De manera visual se puede observar que los capacitores estan enbuen estado, solo esperaba saber si este tipo de problemas era con algun filtro o diodos que estuviese fallando, porq estuve revisando el cable principal y se encuentra en buenas condiciones de todos aqui les dejo fotos de las placas a ver en que me pueden ayudar Gracias!


----------



## Hatman23 (Dic 12, 2017)

Yo tuve un problema con uno parecido, sonaba bajo y pensé que era el IC de audio, pero al cambiarlo por otro seguía igual así que revise la alimentación y en problema se hallaba en la rama negativa, cuando se le conectaba una pequeña carga se caía el voltaje.
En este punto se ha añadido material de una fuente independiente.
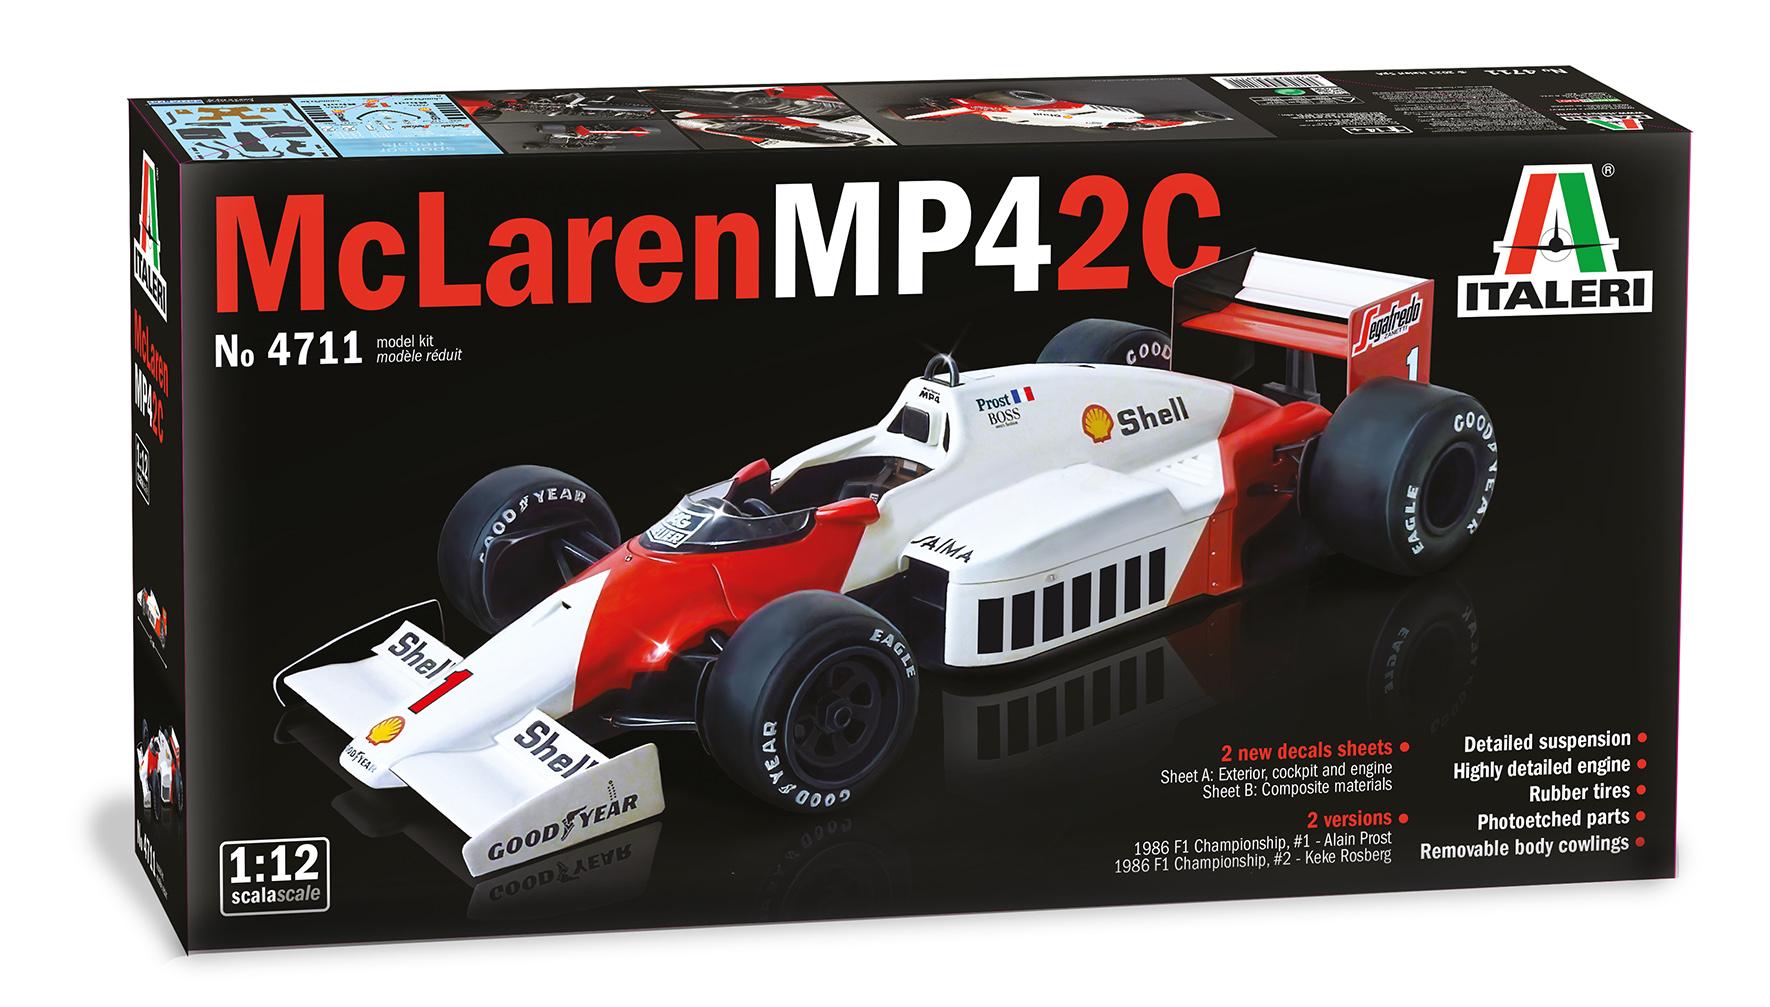 1/12 Italeri McLaren MP4 (TAG turbo) just released - Car Kit News & Reviews  - Model Cars Magazine Forum

El problema en si se encontraba en un diodo rectificador, lo cambie y quedo funcionando correctamente. Debes revisar si la alimentación es la correcta cuando intentas subir el volumen, ese modelo viene con dos tipos de alimentación si es por usb seguramente el IC de audio tipo Clase D este dañado y si se alimenta con una fuente exterior deberías verificar los voltajes que llegan al IC.


----------



## Caralcasma (Dic 13, 2017)

Hatman23 dijo:


> Yo tuve un problema con uno parecido, sonaba bajo y pensé que era el IC de audio, pero al cambiarlo por otro seguía igual así que revise la alimentación y en problema se hallaba en la rama negativa, cuando se le conectaba una pequeña carga se caía el voltaje. El problema en si se encontraba en un diodo rectificador, lo cambie y quedo funcionando correctamente. Debes revisar si la alimentación es la correcta cuando intentas subir el volumen, ese modelo viene con dos tipos de alimentación si es por usb seguramente el IC de audio tipo Clase D este dañado y si se alimenta con una fuente exterior deberías verificar los voltajes que llegan al IC.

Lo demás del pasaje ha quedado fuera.